Any suggestions or ideas (just mostly ranting here)...
The 30% federal tax is not an exact number but I know even before the sell that other income I will make will push SOME of my income into those higher brackets. In others words I know ALL of my income would not be taxed at 28% (but all income OVER a certain amount is).
the first $7,000 of income is taxed at 10 percent; dollars $7,001 through $28,400 are taxed at 15 percent; dollars $28,401 through $68,800 are taxed at 25 percent; and dollars $68,801 through $143,500 are taxed at 28 percent.
So the point I was trying to make is this. Let say I made the sale at the end of the year and I had already (before the sale) made 70k. The additional 35K from the sale WOULD be taxed at 28% PLUS about %15 self employment tax (although you only pay SE tax up to a certain limit around 82K or so)for a total of about 43% tax.

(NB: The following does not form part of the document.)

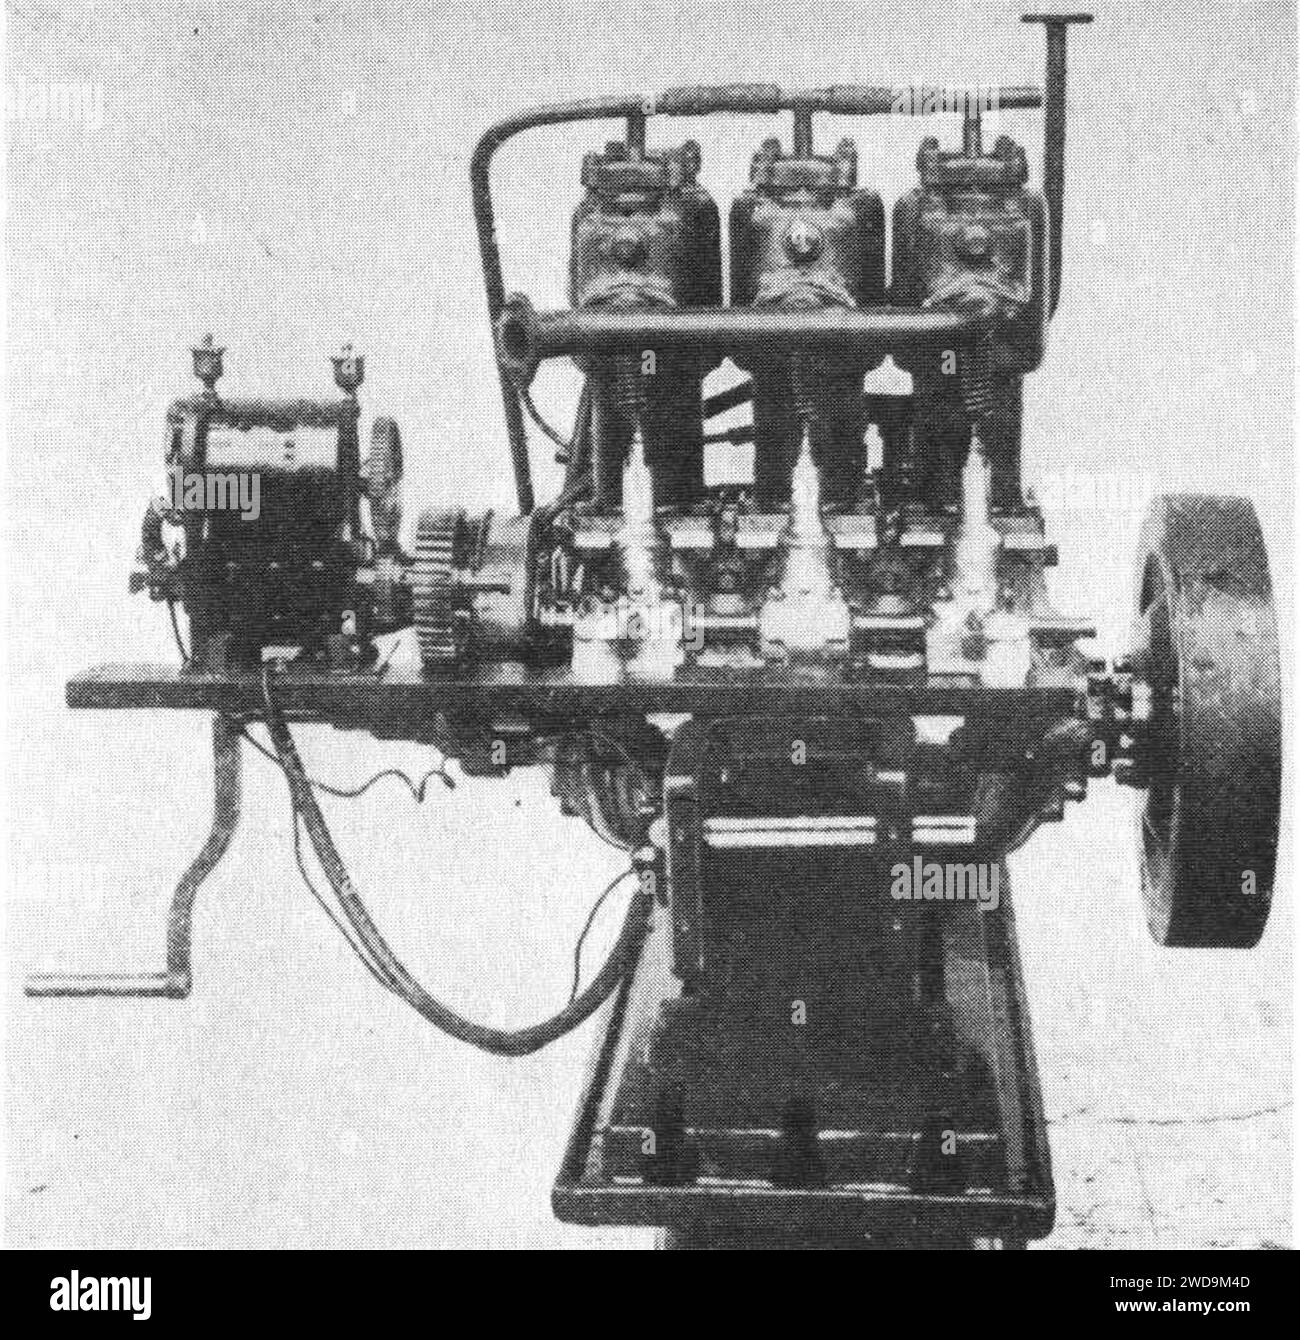 1904 - Panhard & Levassor - moteur fixe 3cyl. Stock Photo

I am no tax expert and I will be talking to someone but that's the way I see it...
> I know for a fact that I have to pay "about" 15% of income to self-employment tax
I feel your pain.
Capital Gain (or loss). A category of gain or loss under the tax law resulting from the sale or other disposition of specified property such as stock or bond investments, real estate, etc. It does not include property used in a trade or business. However, special rules apply in such situations that can result in similar treatment for business property.
Don't know if this applies to you or not - see your accountant :)
Yeah....so why haven't you incorporated exactly?
The sale could be seen as a capital gain.....you would need a CPA to rubber stamp this IMHO.
However, if you incorporated the gain could most definately be seen as a distribution and therefore save you most of the SE tax. You could also roll the sale into the future, or an IRA, and not pay a penny.
A good CPA should pay for themselves several times over.....and are therefore are not a real expense at all.
While lots of routine accounting stuff doesn't require expensive input, the proper structure of a business and a major asset sale are a couple of areas where good legal & accounting advice will more than pay for themselves.